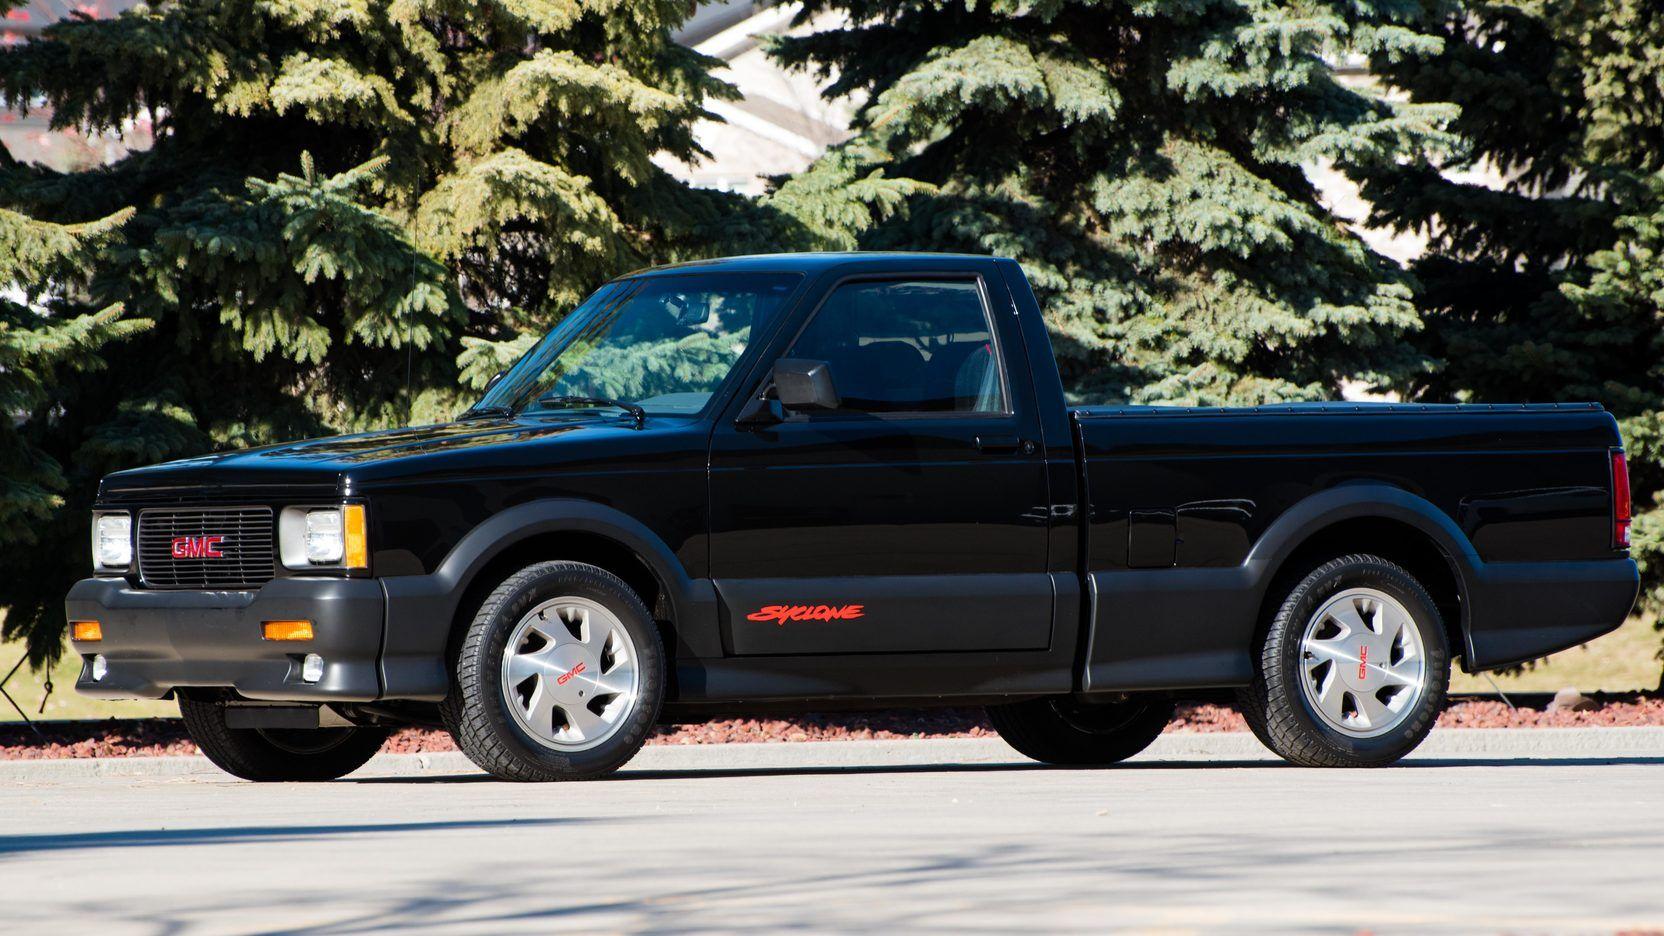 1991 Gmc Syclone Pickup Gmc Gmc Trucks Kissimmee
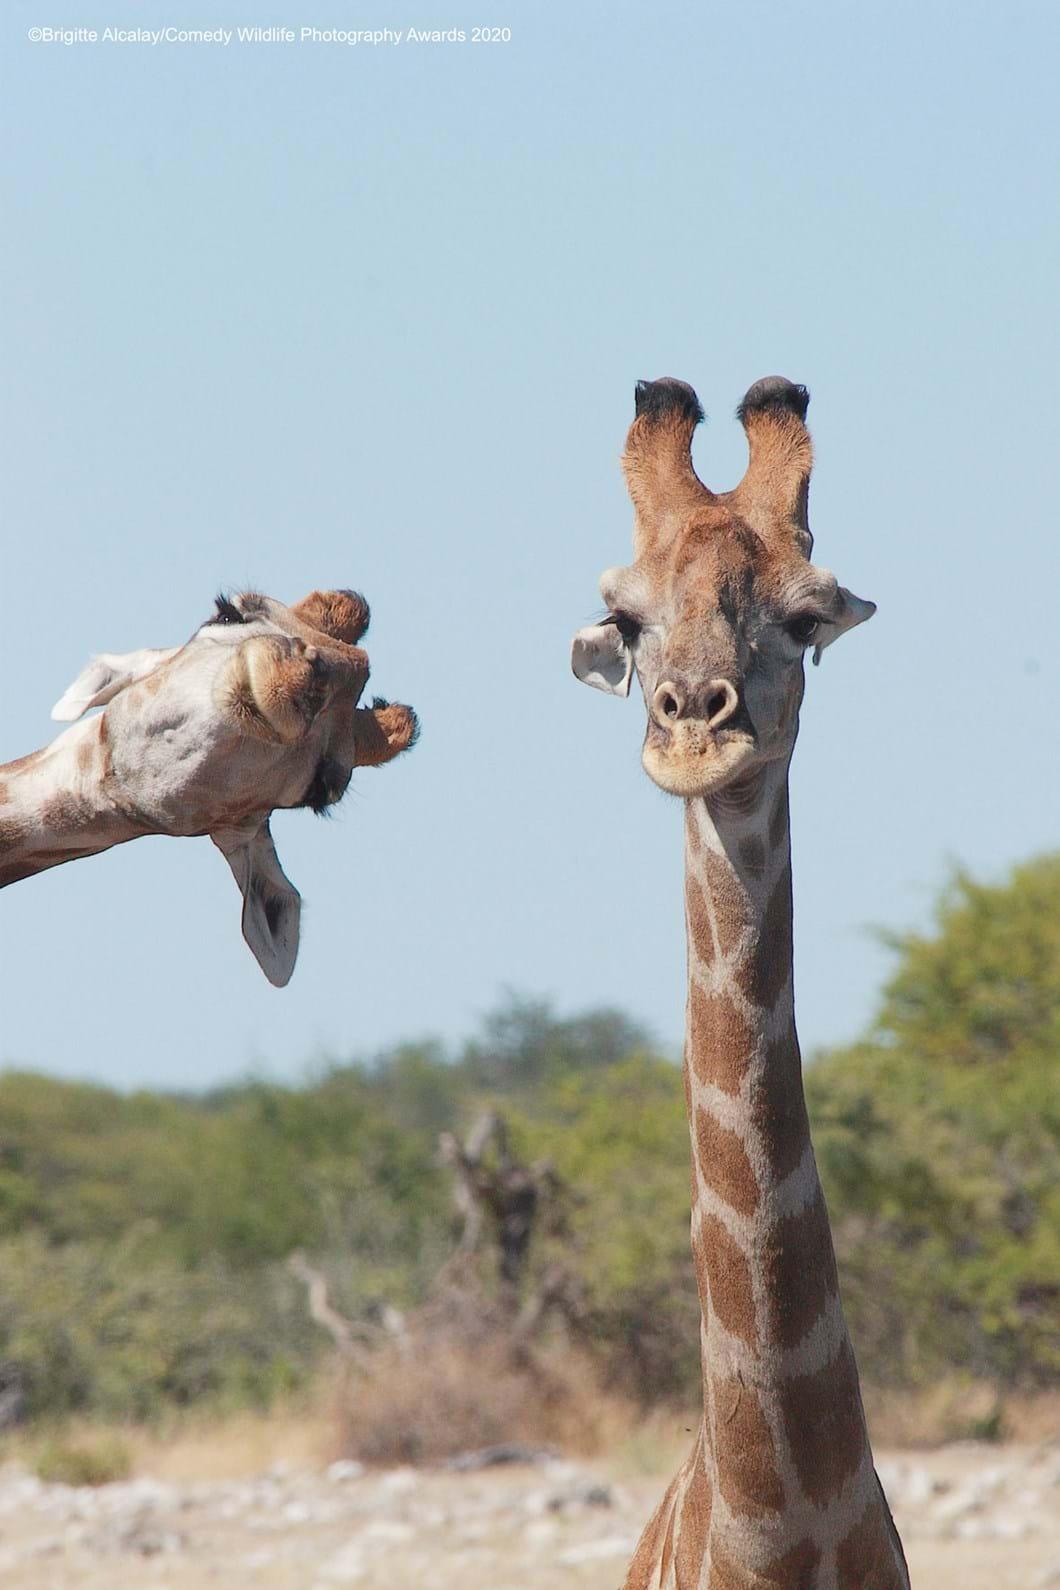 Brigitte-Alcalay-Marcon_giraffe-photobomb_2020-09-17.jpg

────────────────────

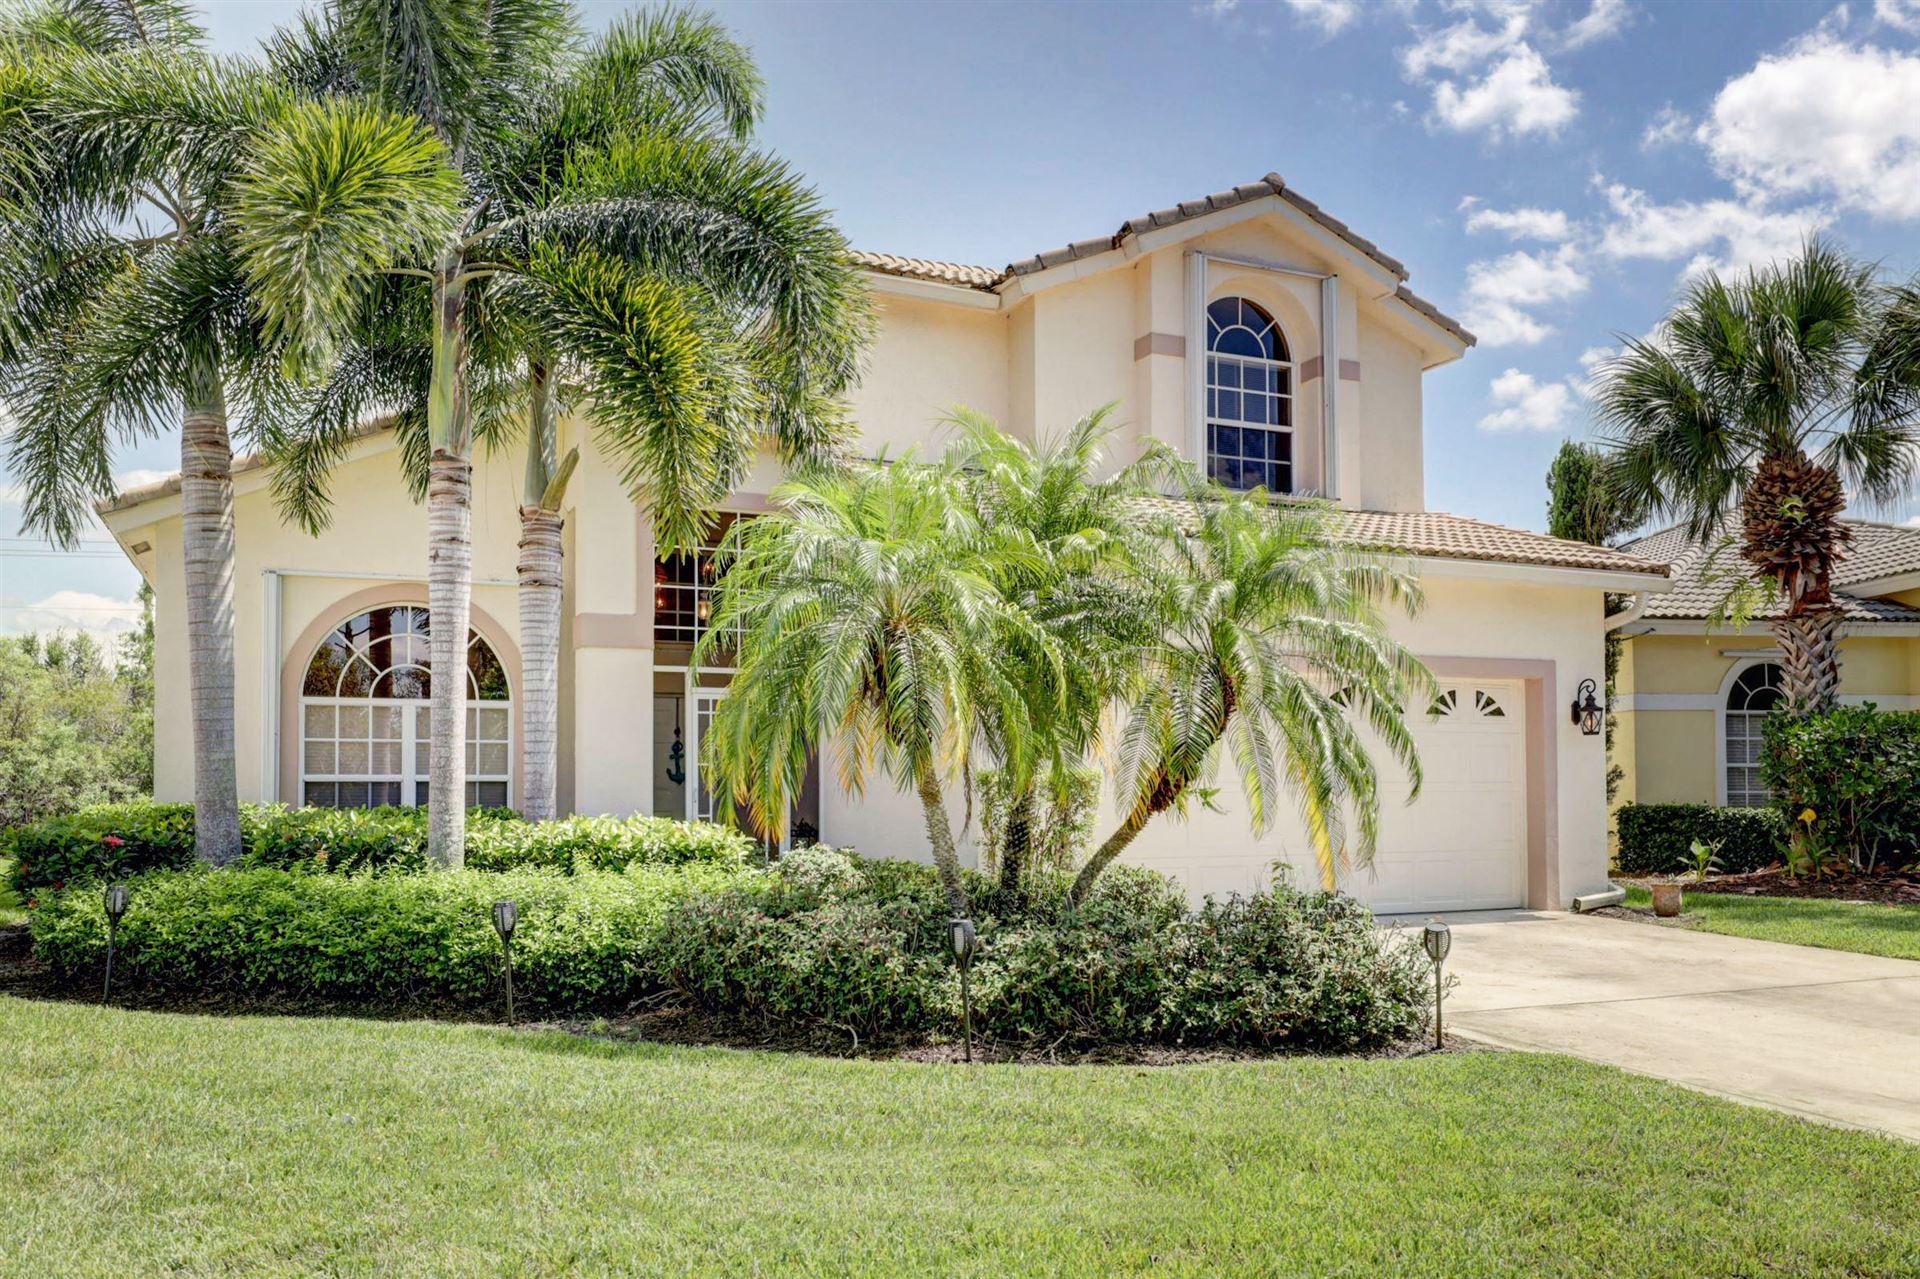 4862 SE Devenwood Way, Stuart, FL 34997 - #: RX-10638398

────────────────────

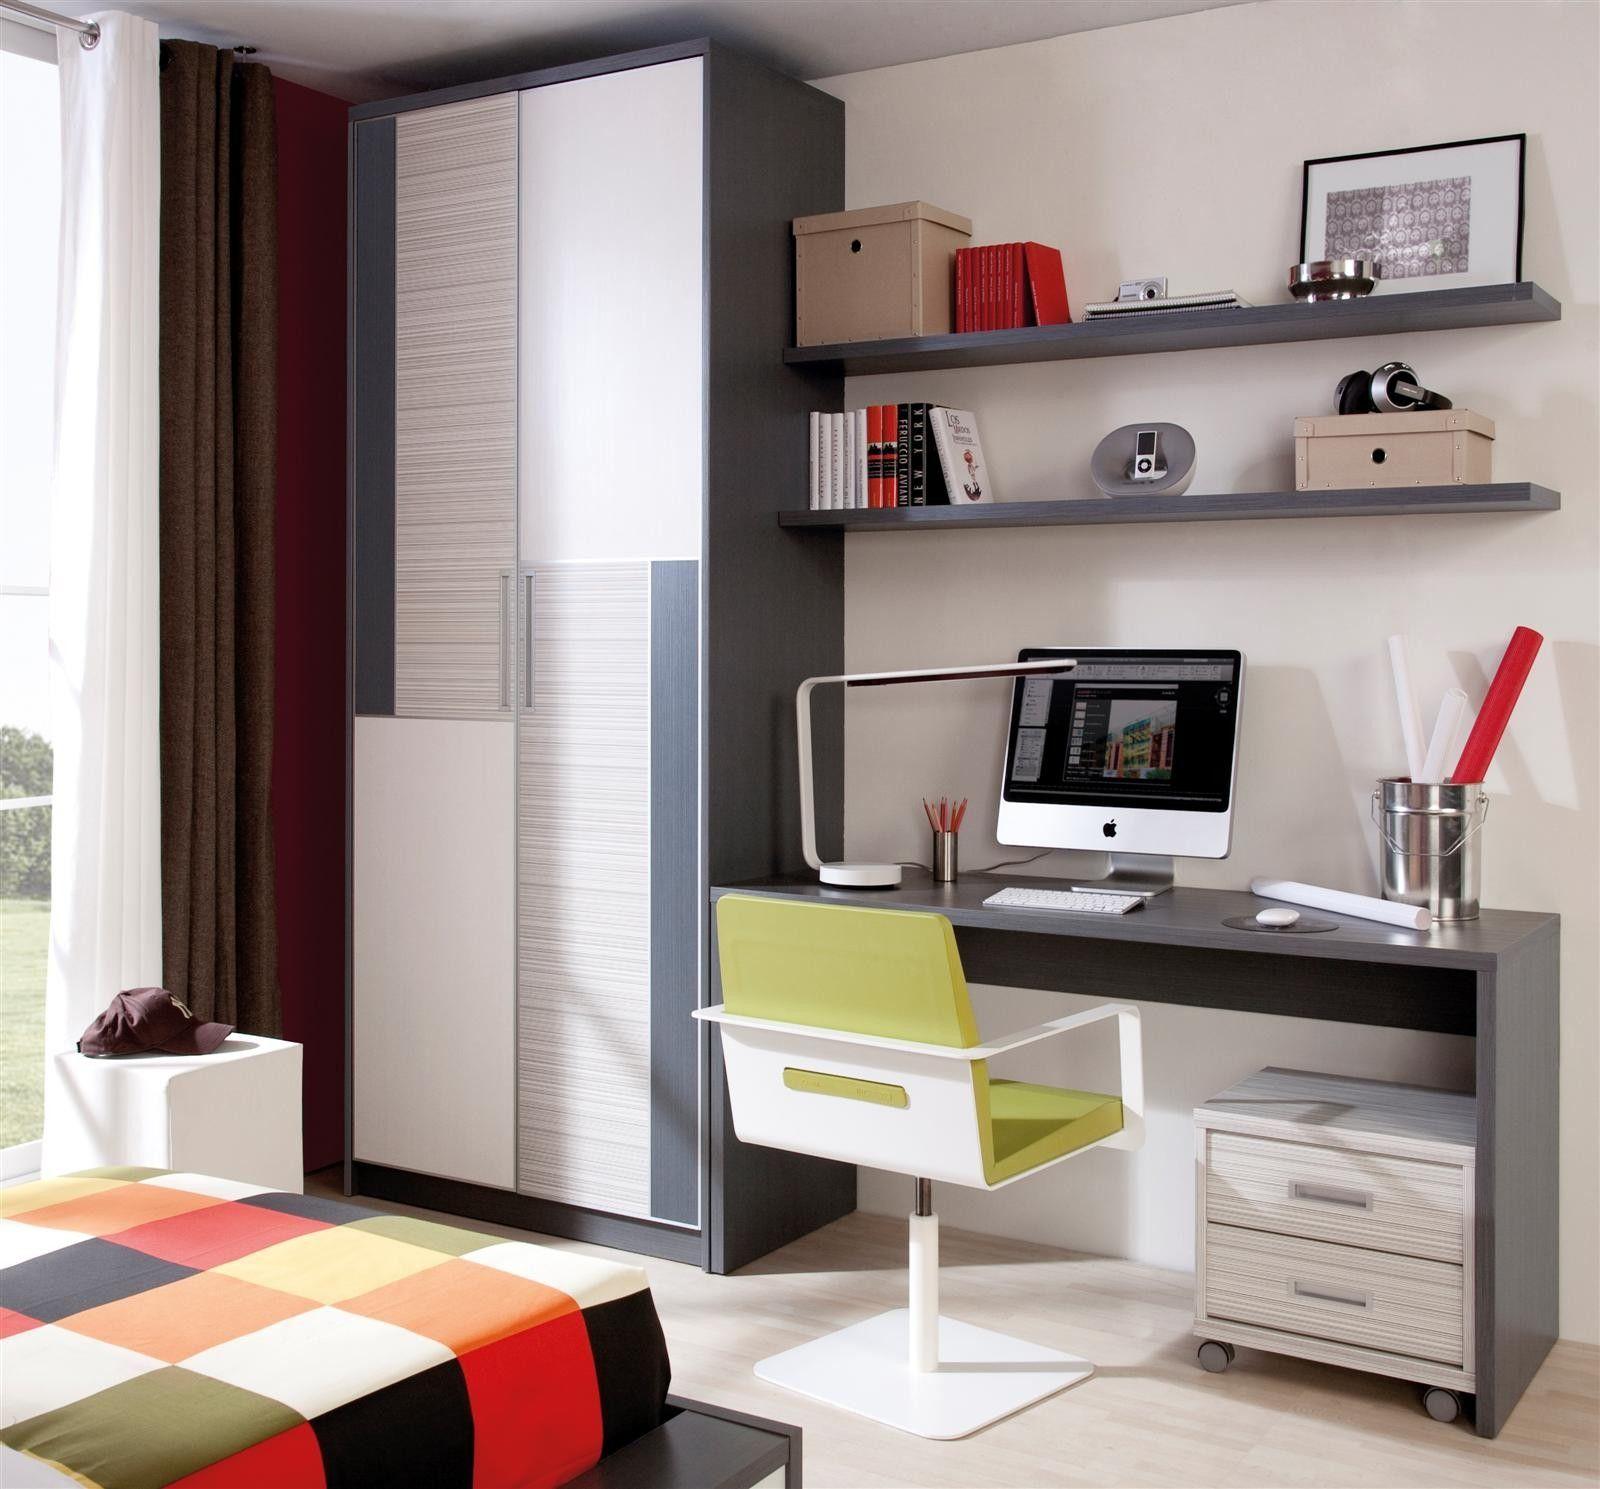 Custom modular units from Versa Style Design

────────────────────

Exercise brief: With the pictures omitted, print the lines above exactly, beginning at the line with "1991 Gmc Syclone" and going on through the line with "Brigitte-Alcalay-Marcon_giraffe-photobomb_2020-09-17.jpg".

Result for this task:
 1991 Gmc Syclone Pickup Gmc Gmc Trucks Kissimmee
 Brigitte-Alcalay-Marcon_giraffe-photobomb_2020-09-17.jpg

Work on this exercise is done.